The Spiritual Creation of Software

4 minute read

Disclaimer: this cross-section of theology and software development will be weird to most people. Too bad, it’s my blog 😛.

Spiritual Creation

A scripture of the Church of Jesus Christ of Latter-Day Saints reads

For I, the Lord God, created all things, of which I have spoken, spiritually, before they were naturally upon the face of the earth.

Moses 3:5

That is, before God created things physically, there was some sort of spiritual creation. What exactly that was I don’t really know. But the takeaway is this: before anything visible happened, something intangible needed to happen first.

Software Creation

I’ve found a similar principle when making software: before coding, and even before concrete planning, there’s a type of “spiritual” creation that needs to occur.

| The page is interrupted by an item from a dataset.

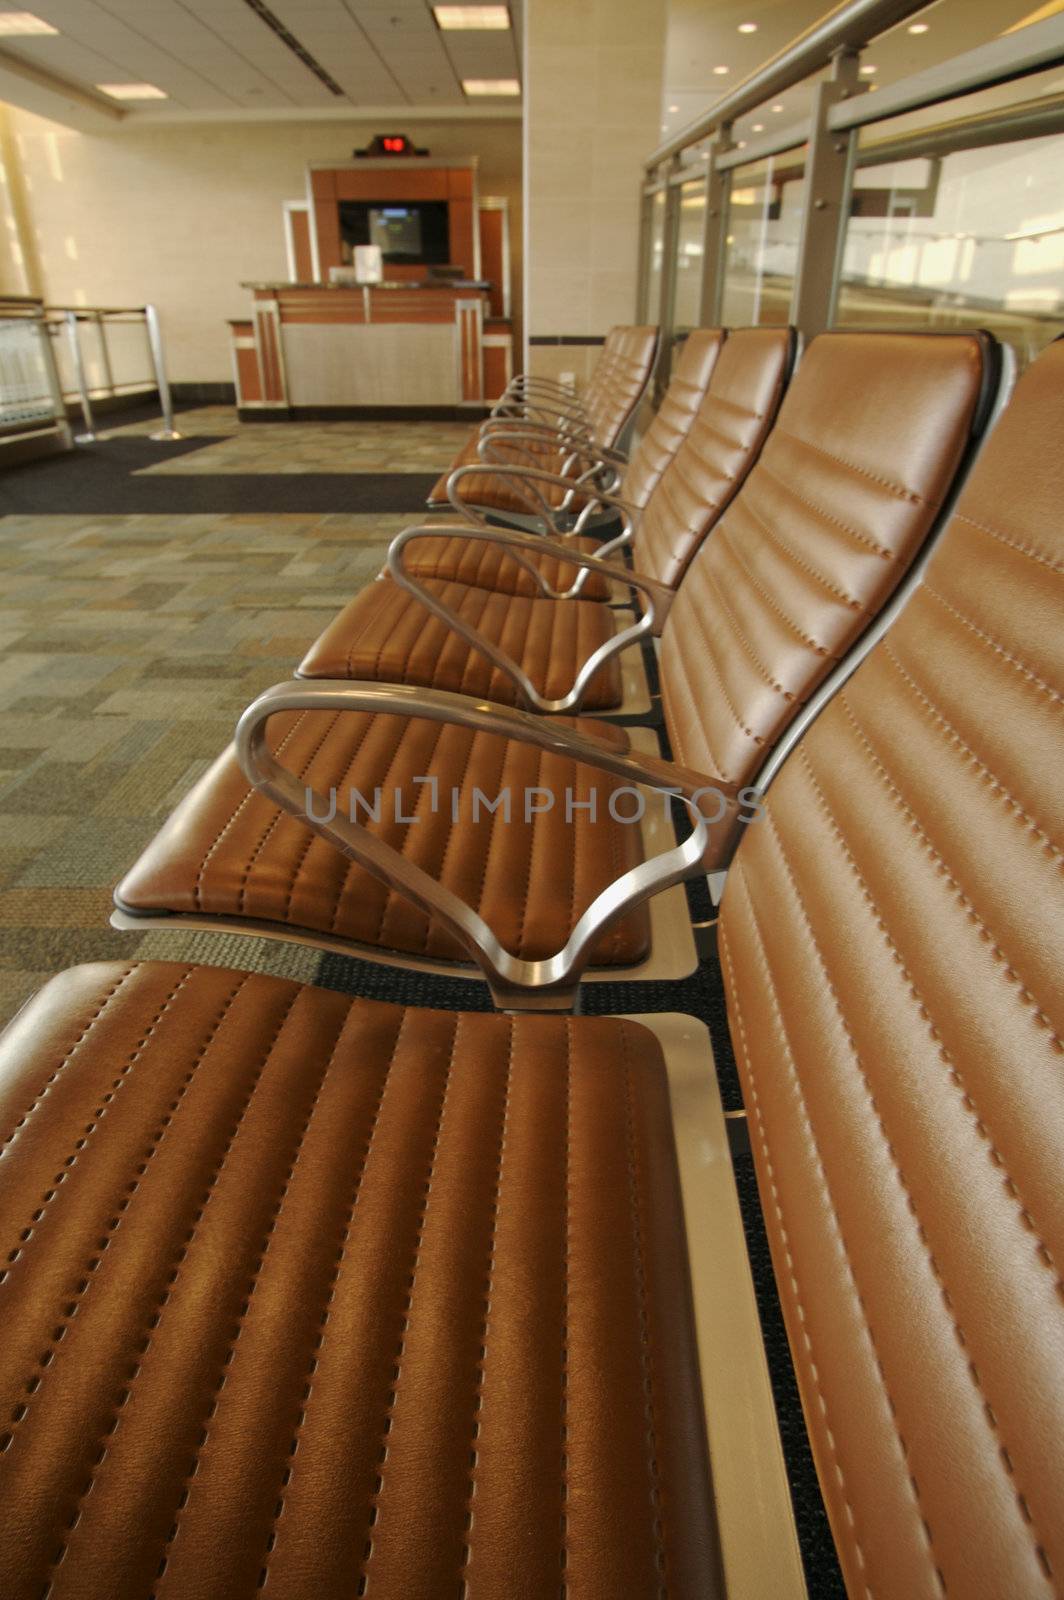 Airport Seating Abstract by Feverpitched

Without this first spiritual creation, the following stages of creation are fruitless and frustrating.

This spiritual creation is where my mind synthesizes the requirements, explores the implementation, and visualizes the outcomes. It happens best when I’m away from the computer, preferably outside getting some fresh air, doing some exercise.

During spiritual creation, I wonder about things like:

  • What is the end goal of what we need to accomplish?
  • What are the most important aspects of the project (and which are less important time wasters)?
  • What are related projects that might serve as inspiration?
  • What could the finished product look like?

This happens in my head, before talking to anyone else. The answers don’t come immediately. They sorta distill in my mind until they eventually form into concrete thoughts.

If I were to have a meeting with others to try to do this “spiritual creation” we wouldn’t write anything down. We’d just chat and explore.

What I’m calling “spiritual creation” isn’t coming up with a concrete plan. Spiritual creation happens before formal planning. Without this time of reflection, formal planning lacks direction and goes nowhere.

Spiritual creation isn’t just helpful at the start. It also helps once you’ve come to an impass (like some bug, or some difficult-to-implement feature). I often find when I step back (from the situation), and step away (from the computer), I have many “aha!” moments. I realize an easier way, or I realize a way that’s already been done, or I even realize this is a problem that doesn’t need to solved right now.

The Effects of Spiritual Creation

Before productive planning or coding, there must be unhurried spiritual creation. Here are some of the symptoms that it’s lacking:

  • Staring off into space with a blank mind, not sure what to do next and sometimes not even sure what the problem is
  • digressing for hours into unimportant details of a project
  • hacking and trying everything to fix a bug without much of an idea what you’re doing
  • unproductive scouring of the internet to find a solution

Basically, when spiritual creation is lacking, focus will also be lacking. You get inundated with other information and other ideas that you don’t have a chance to really think about what information applies to you and what ideas you have about it.

In contrast, these are the effects of having done the spiritual creation:

  • A clear idea and goal for what you want to accomplish right now
  • An understanding that what you’re doing right now is the most important thing right now, everything else are distractions
  • A clear idea for how something should be accomplished
  • Plans form naturally and smoothly

Who Pays for Spiritual Creation?

Here’s the big catch: it happens off the clock. It doesn’t happen at work or under a pressing deadline. A pressing deadline activates the “fight or flight” part of your brain that turns off basically everything else. This careful consideration can’t happen like that.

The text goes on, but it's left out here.